Bank Audi (Arabic: بنك عودة, previously Bank Audi-Saradar) is a Lebanon-based universal bank and financial services company headquartered in Beirut, offering financial products and services in personal banking, business banking, private banking and Treasury and Capital Markets segments.

Bank Audi has a network of 116 branches and more than 300 ATMs, and worldwide correspondents in 25 cities globally. It operates principally in Lebanon, in the MENA region and in Turkey. As of September 2021, Bank Audi's private customers’ deposits reached USD 20.8 billion, with shareholders’ equity reaching US$2.7 billion, and consolidated assets totaling US$28.0 billion.

History
Bank Audi was founded in 1830, but was only incorporated as a bank in 1962.

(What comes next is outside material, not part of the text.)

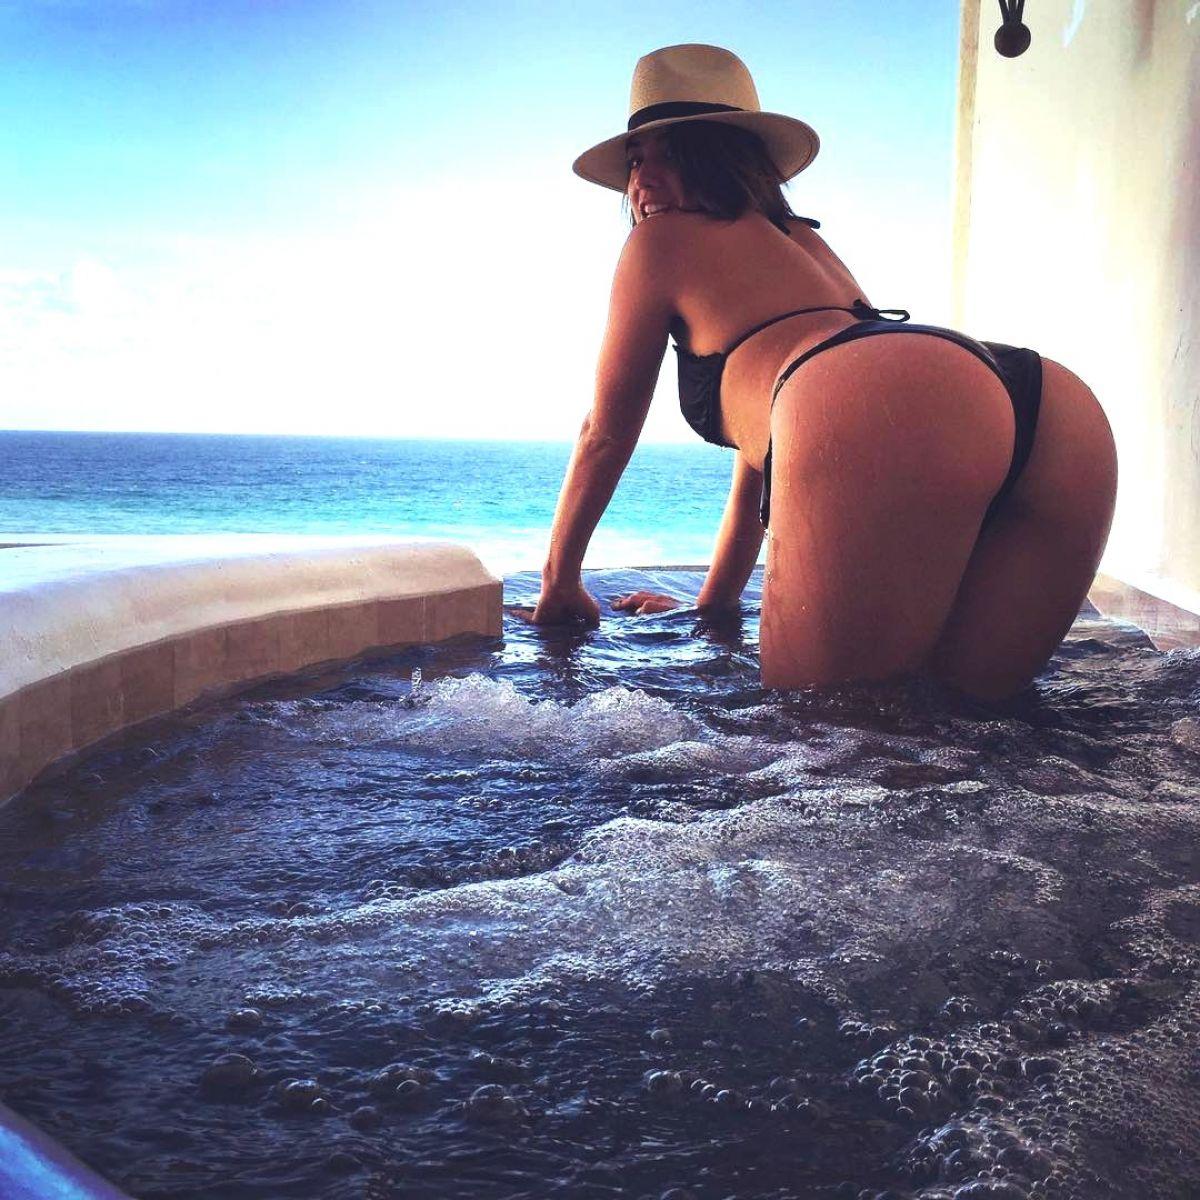 CHLOE BENNER in Bikini - Instagram Picture

Members of the Audi family, as well as Kuwaiti investors, were the first shareholders. Since 1983, the shareholder base has expanded and currently consists of more than 1,500 holders of Common Shares and Global Depository Receipts.

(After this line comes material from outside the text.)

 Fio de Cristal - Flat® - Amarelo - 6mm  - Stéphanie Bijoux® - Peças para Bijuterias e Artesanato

In 2004, Bank Audi signed a merger agreement with Banque Saradar, entitling Saradar Holding to become one of the largest shareholders of Bank Audi sal-Audi Saradar Group. After six years of managing the Audi Saradar Group Private Banking, both banks de-merged, and Bank Audi continued privately on its own.

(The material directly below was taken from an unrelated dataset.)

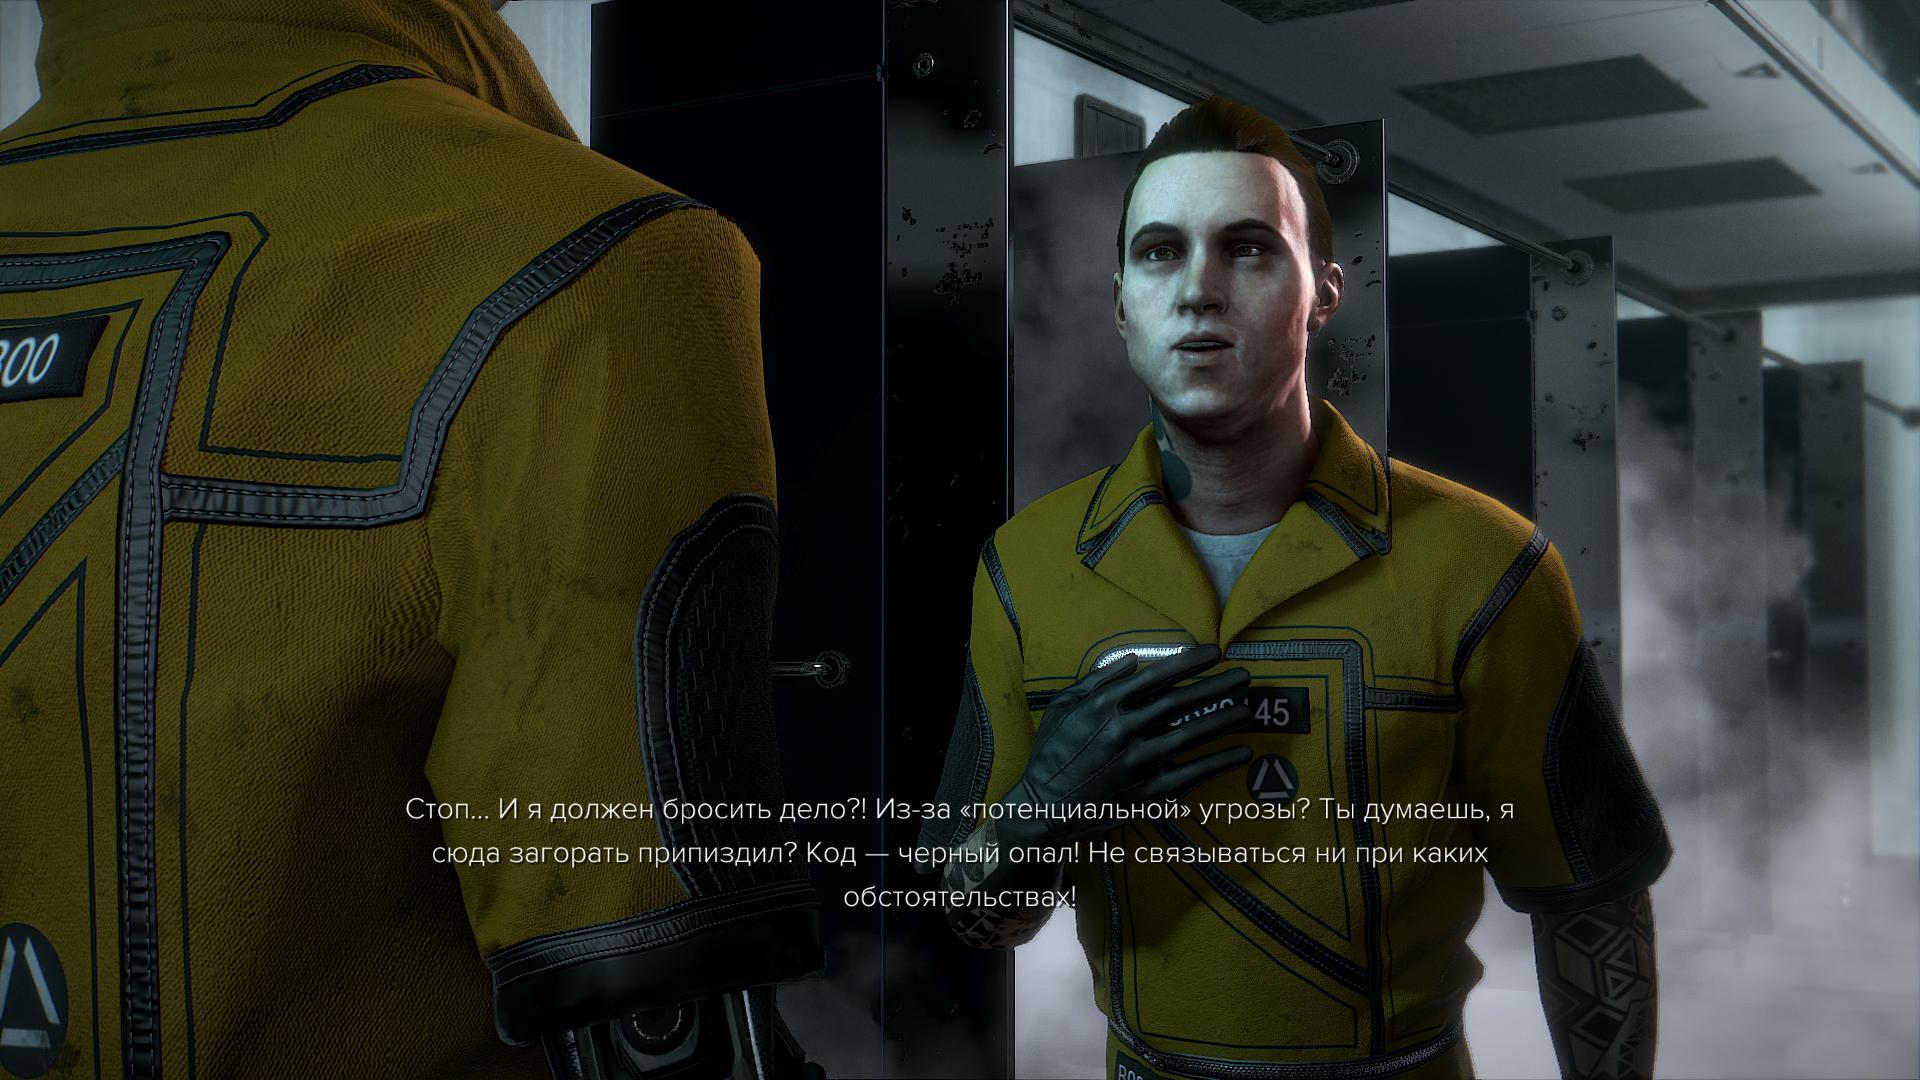 000377.Jpg - Deus Ex: Mankind Divided

On 20 February 2019, Bank Audi announced a new deposit agreement by which The Bank of New York Mellon is named the successor depositary bank for its global depositary receipt programme, replacing Deutsche Bank Trust Company Americas as Depositary.

Following the 17 October Revolution, the bank was declared bankrupt.

Operations

Board of directors
 Mr. Samir N. Hanna, chairman of the Board – General Manager and Group Chief Executive Officer
 Dr. Marwan M. Ghandour, Vice-chairman of the Board
 Mr. Marc J. Audi, Vice-chairman of the Board - General Manager
 Sheikha Mariam N. Al Sabbah
 Dr. Imad I. Itani
 Mr. Abdullah I. Al Hubayb
 Dr. Khalil M. Bitar
 Mrs. Sherine R. Audi, General Manager and board member of Bank Audi France
 Mr. Farid F. Lahoud, Assistant General Manager - Group Corporate Secretary

Banking services

Retail and personal banking
Personal banking at Bank Audi consists of the services and products offered to the individuals.

Commercial and corporate banking
Business Banking at Bank Audi is the set of services offered to businesses and corporations in Lebanon. It includes corporate banking, commercial banking, and SME banking.

Private banking
Bank Audi Private Bank began its operations in 1976 and has been handling it through two main booking centers based in Switzerland and United Arab Emirates.

Major shareholders
FRH Investment Holding sal holds the greatest shares, followed by Audi family, heirs of Sheikha Suad Hamad Al Saleh Al Homaizi, Sheikh Dhiab Bin Zayed Al Nehayan, Al Sabbah family, and others.

Main subsidiaries
Bank Audi sal subsidiaries include Odea Bank – Turkey, Banque Audi – Switzerland, Audi Private Bank sal, Audi Capital – Kingdom of Saudi Arabia, Bank Audi – Qatar, Bank Audi France sa, SOLIFAC and Audi Investments Holding.

Innovative services
In 2011, Bank Audi introduced NOVO spaces in selected locations to allow live video chat with tellers and to provide an advisory room for expert consultancies.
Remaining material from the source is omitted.